La relativité des opinions

4 Juin 2008 , Rédigé par M.C. Publié dans #Le Club de Montaigu

Dans un excellent article paru dans "Ouest France" de ce mercredi 4 juin 2008, Jacques LEGOFF analyse cette nouvelle croyance qui veut que  tout soit relatif et que tout s'explique par le parcours de chacun : milieu social époque,  éducation etc.. etc.... en un mot que toutes les opinions se valent !

Cette nouvelle "foi"  est confortée par des médias où la relativité est la règle et souvent confondue  avec la nécessité, naturelle, d'entendre des opinions différentes.. car les débats qui sont organisés sur ces sujets, pourtant importants et sérieux, sont souvent légers et confus et de plus très politiquement corrects !

En effet, c'est aussi un travers de notre temps, il n'est pas bien vu de ne pas adopter la pensée "consensuelle" ... que les médias véhicule à l'envi ! Ce qui fait que tout individu ou groupe émettant des doutes sur ces théories est mis de facto à l'index ou en tout cas n'est pas pris au sérieux.

Il est vrai que nos certitudes d'antan, basée le plus souvent sur la "Foi du Charbonnier" peuvent difficilement se défendre aujourd'hui. Il n'est donc pas étonnant que chacun cherche sa vérité !
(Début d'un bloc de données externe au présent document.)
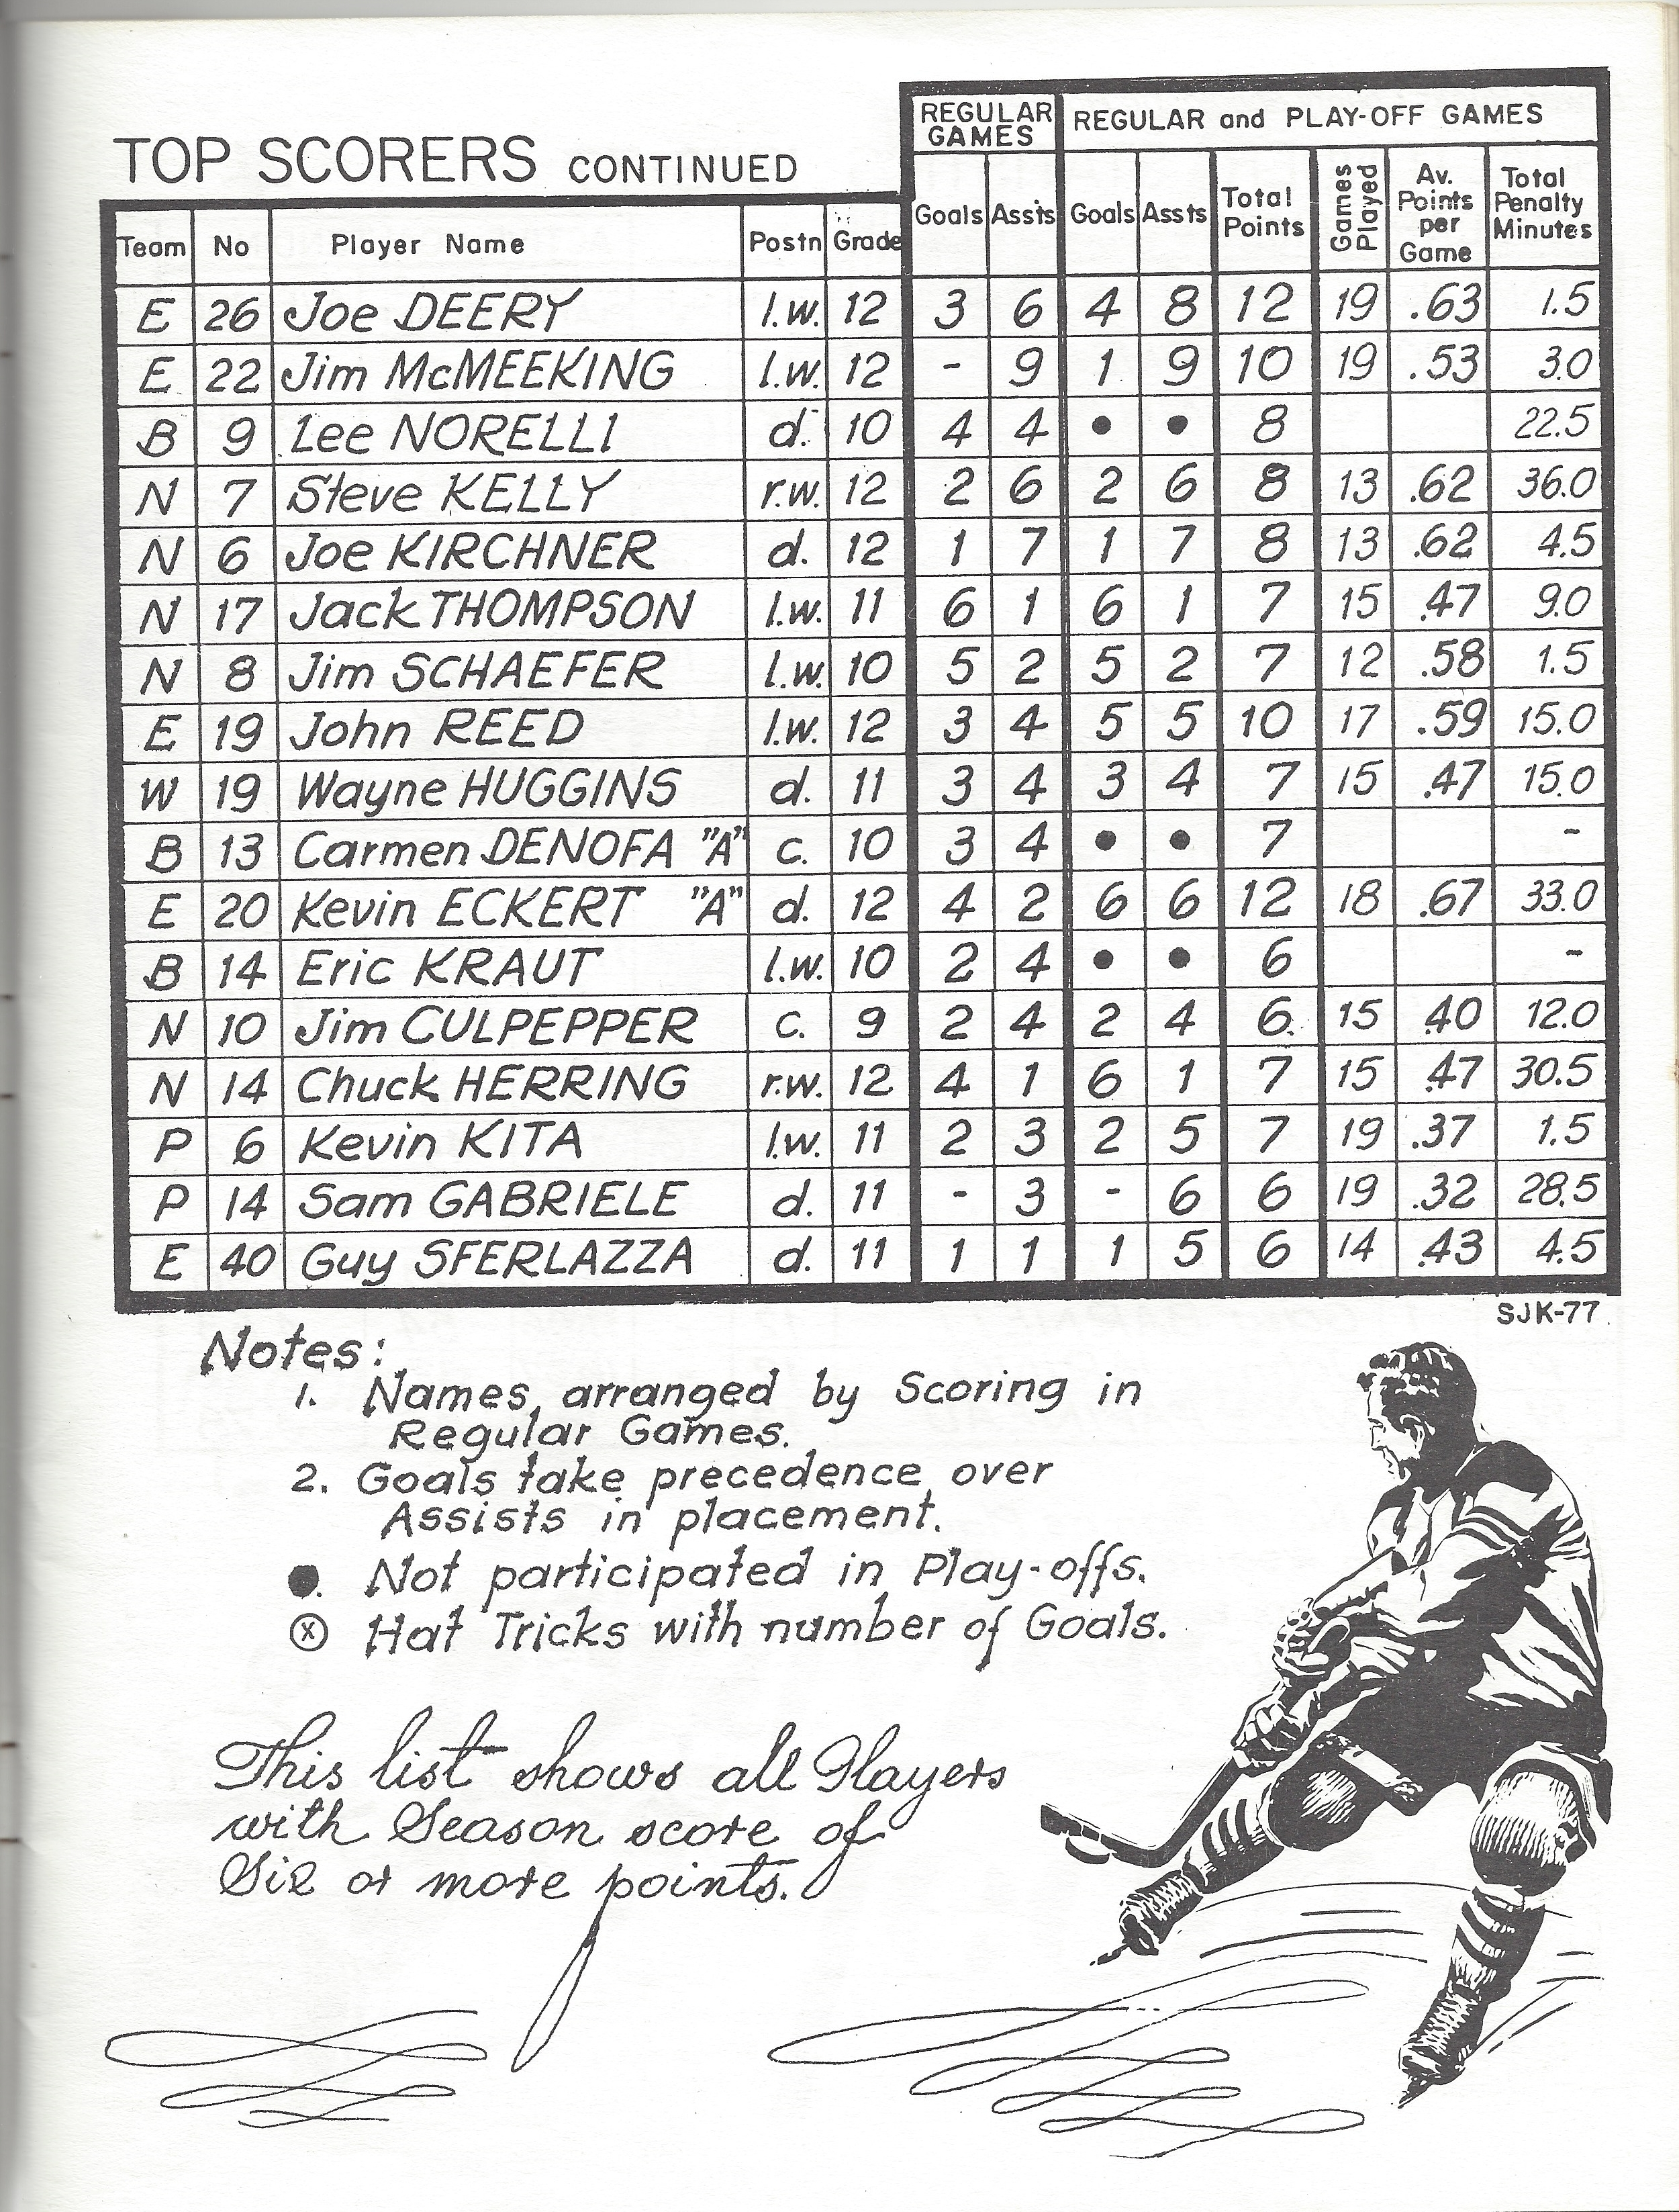 1976 LBCSHL Top Scorers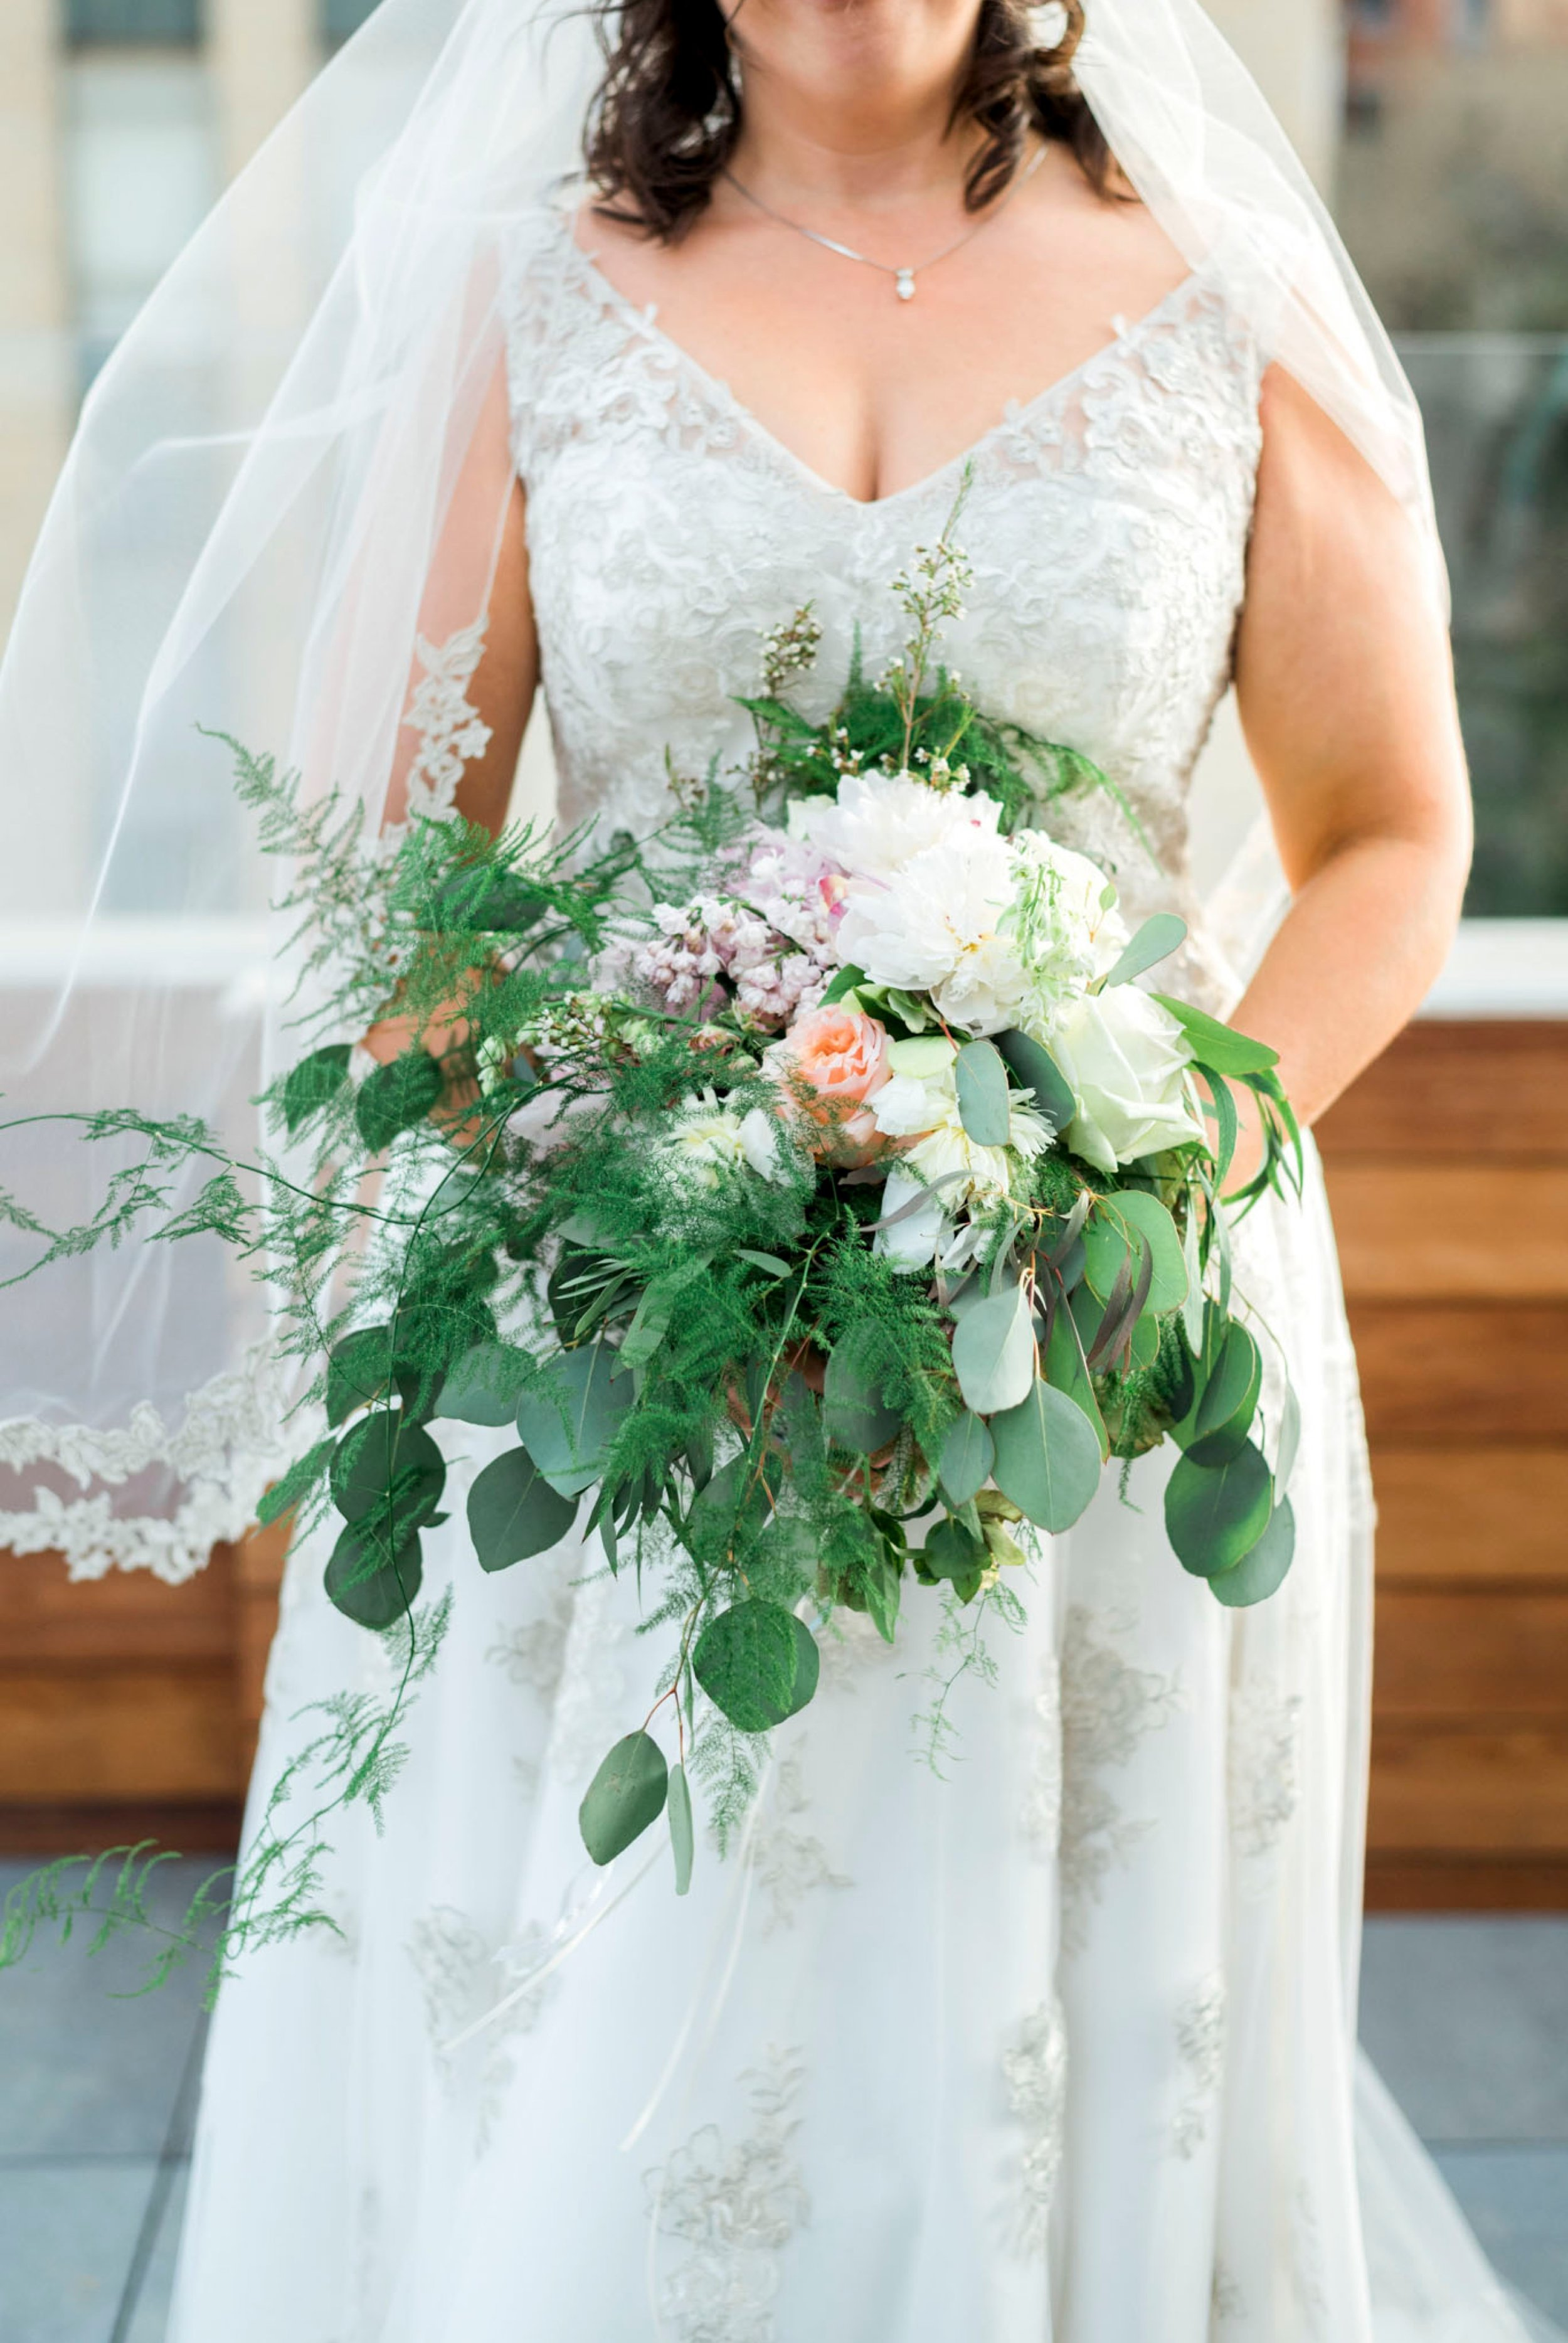 TheVirginianHotel_LynchburgVA_TheVirginianHotelWedding_Virginiaweddingphotographer_Lynchburgvawedding 10.jpg

Nous sommes donc, passés en 50 ans d’une société quasi monolithique en termes  de valeurs reconnues à un océan d’incertitudes (modernité liquide comme le rappelle  J. Legoff) il n’est donc pas étonnant qu’un certain nombre d’entre-nous soient un peu perdus !

Pourtant, pour vivre ensemble, il faut un cadre, des règles communes.. or il n'y a pas ou plus, de croyances fédératrices... Certes, la liberté individuelle est une conquête de l'homme et la base de toute démocratie. Cependant cette liberté s'exerce dans une société commune et elle doit donc tenir compte de la liberté des autres.

Ce n'est  d'ailleurs qu'en démocratie qu'elle peut s'exercer pleinement.

Jacques LEGOFF fait référence dans son article aux républicains des premiers temps, qui dit-il n'hésitaient pas à "sacraliser" les fondamentaux de la démocratie que sont par exemple les Droits de l'Homme. Ces textes initiaux étant considérés comme valeurs absolues, non négociables !

Le problème principal de notre temps, c'est que justement nous n'acceptons plus ce socle de valeurs fondamentales sans lequel aucune société ne peut fonctionner dans la durée.

Tout ce qui limite nos envies, nos ambitions est rejeté comme étant une injustice, nous retrouvons là les thèmes chers à Alexis de Tocqueville : le conflit entre la liberté et l’égalité !


M.C.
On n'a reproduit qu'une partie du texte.